Spray Adhesive is nasty stuff ,Thanks for the heads up I keep my sprays in a cabinet right next to my fire extinguisher,But I do keep my jar full of bumble bees above the jointer.I will now move them in the house.Were they won't bother me if they get out.


----------



## BerBer5985 (Oct 10, 2011)

Yeah thank god it wasn't bees! Haha! It was one of those "you have got to be kidding me" moments! If it had fallen 2" to the right or left, no harm no foul, but it falls right on into the crack where the blades are and nicks the aluminum seat can and then it was like a bomb of spray adhesive went off.


----------



## BigRedKnothead (Dec 21, 2012)

oh for crying out loud. Sounds like something I'd do. Had to been a mess, but still kind of funny


----------



## TheWoodenOyster (Feb 6, 2013)

I did the old exploding spray can trick with brown spraypaint can about a year ago. Not as bad to clean up as glue, but just as exciting.


----------



## freddy1962 (Feb 27, 2014)

Glad you didn't have a jointer accident. Sounds awful messy LOL. Your lady in your pic looks like Mila Kunis.


----------



## pintodeluxe (Sep 12, 2010)

Wow! How did the blades on your jointer fare?


----------



## BerBer5985 (Oct 10, 2011)

It's a carbide shelix head and from what I can tell just fine. Thank god.


----------



## Kentuk55 (Sep 21, 2010)

Glad nothing got hurt.


----------



## JJohnston (May 22, 2009)

You may not have been around long enough to remember an LJ called PG_Zac; he told a similar story about losing his grip on a cell phone, grabbing for it, and knocking it into the blades on his jointer.


----------



## bigblockyeti (Sep 9, 2013)

I had a lawn mower kick out a small rock and hit a full can of spray paint right in the middle, similar effect.
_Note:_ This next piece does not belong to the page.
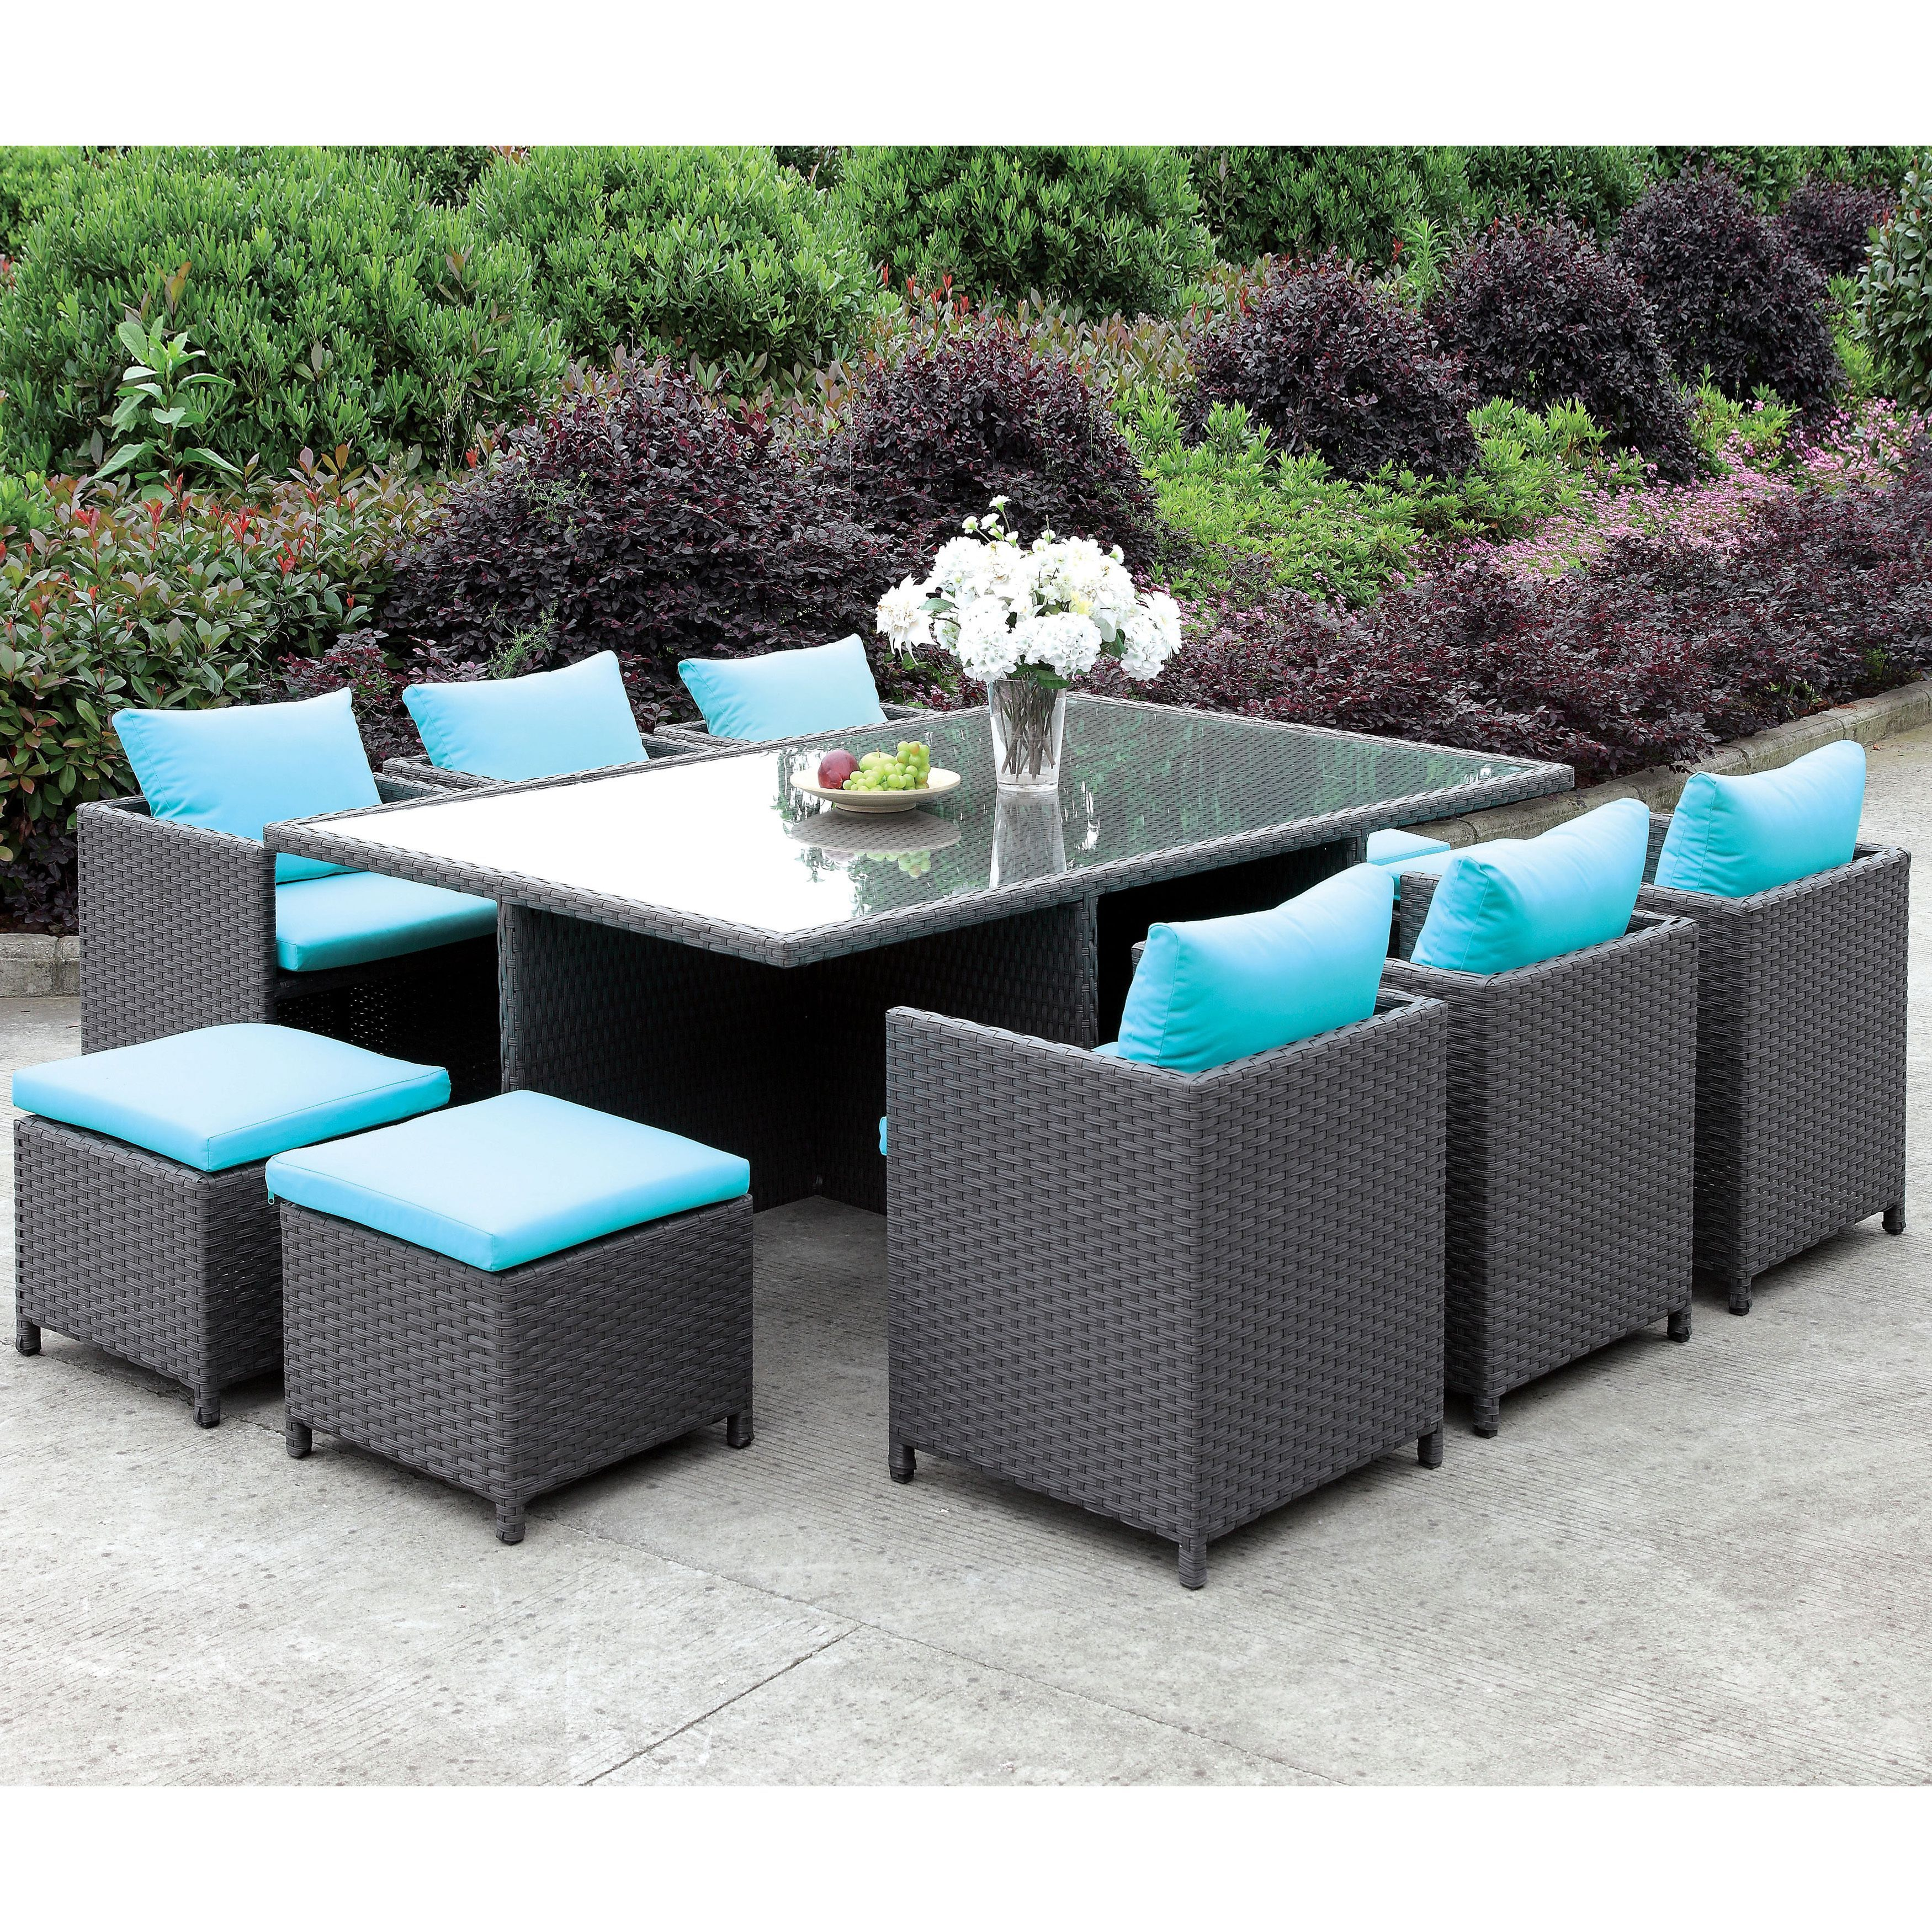 Furniture Of America Lani Contemporary 11 Piece Turquoise Light

On the plus side it was outside, got very little on the patio and the grass was green again after being mowed a few more times.


----------



## BikerDad (Jul 16, 2008)

When I was a wee lad, high school age, we would take nearly empty cans of spray paint out into the desert and throw concrete formboard stakes at them. Much hilarity would ensue when we'd score a piercing and the can proceeded to skitter off spewing it's remaining contents wildly about. Mongo hilarity when we did it with a nearly full can. Of course, we didn't have to clean it up, so we had the fun of doing it and observing. With your incident, we observers are the one's who get the fun, you got the "oh crap!" and cleanup.


----------